Nvidia driver via 1-Click results Screen Brightness problem

Hello,
I installed latest NVIDIA driver via 1-click (NVIDIA - openSUSE) to my laptop’s (HP EliteBook 8530w) graphic card (Nvidia Quadro FX 770M), but it results no adjustment on screen brightness with power management console. However, before installation the driver, it was ok with MESA drivers which comes after the installation of opensuse 11.1 64bit (KDE 4.2.3).

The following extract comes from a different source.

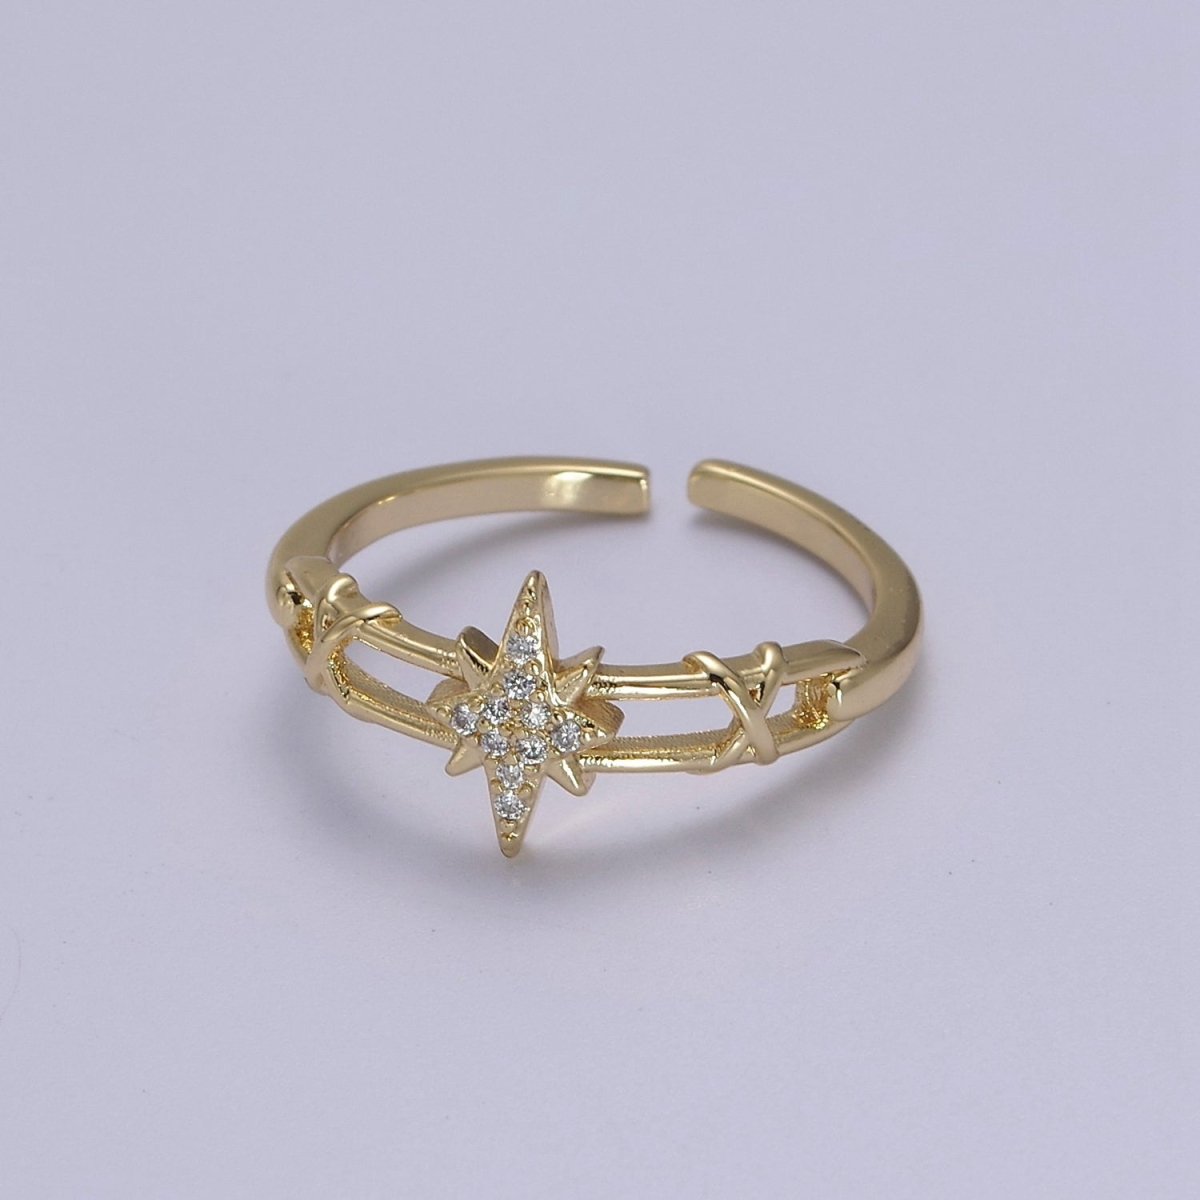 14K Gold Filled North Star Ring Celestial Ring Dainty Minimalist Jewelry Open Adjustable Ring S-456 S-457 - DLUXCA

Do you suggest me to install the Nvidia drivers from Nvidia’s official website? IS there any other way to fix it? I also modified my xorg.conf to add " Option “AllowDDCCI” “1” " which allow to communicate onscreen buttons with graphics card.


Section "Modes"
    Identifier         "Modes[0]"
EndSection

Section "Monitor"
    Identifier     "Monitor0"
    VendorName     "Unknown"
    ModelName      "Seiko"
    HorizSync       30.0 - 75.0
    VertRefresh     60.0
    Option         "DPMS"
    Option         "CalcAlgorithm" "XServerPool"
EndSection


Section "Device"
    Identifier     "Device0"
    Driver         "nvidia"
    VendorName     "NVIDIA Corporation"
    BoardName      "Quadro FX 770M"
EndSection

Section "Screen"
    Identifier     "Screen0"
    Device         "Device0"
    Monitor        "Monitor0"
    DefaultDepth    24
    Option         "TwinView" "0"
    Option         "Overlay" "1"
    Option         "LoadKernelModule" "1"
    Option         "EnableACPIHotkeys" "1"
    Option         "ConnectToAcpid" "1"
    Option         "AllowDDCCI" "1"
    Option         "metamodes" "nvidia-auto-select +0+0"
    SubSection     "Display"
        Depth       24
        Modes      "Modes[0]"
    EndSubSection

It’s possible that the latest stable driver (what is actually a bit old) doesn’t support that - you should try to install beta (185.18.10 is never then the 185.19!) drivers.
The screen brightness doesn’t work work me too in the KDE widgets, but I think it’s rather a KDE bug the a driver.
Good luck.

Hi, I downloaded the drivers under the title of “Linux, FreeBSD, and Solaris Drivers” at the official nvidia website.Normally, if yoou select your driver via drop down menu filter system, it results a driver has a version NVIDIA-Linux-x86_64-169.12-pkg2.run. if you download the beta drivers, it results a version NVIDIA-Linux-x86_64-171.06-pkg2.run. But if you browse to “Linux, FreeBSD, and Solaris Drivers”. and select Linux AMD64/EM64T, it results the version NVIDIA-Linux-x86_64-180.60-pkg2.run, which has solved my issue. The funny thing is, if you use 1-Click Nvidia drivers, its version something 185.

Then I’m sorry. I’ve downloaded this driver through the 1click a long time ago. I’m always using the latest beta driver from nvidia’s FTP:
ftp://download.nvidia.com/XFree86/.
Glad to hear that it’s solved your problem.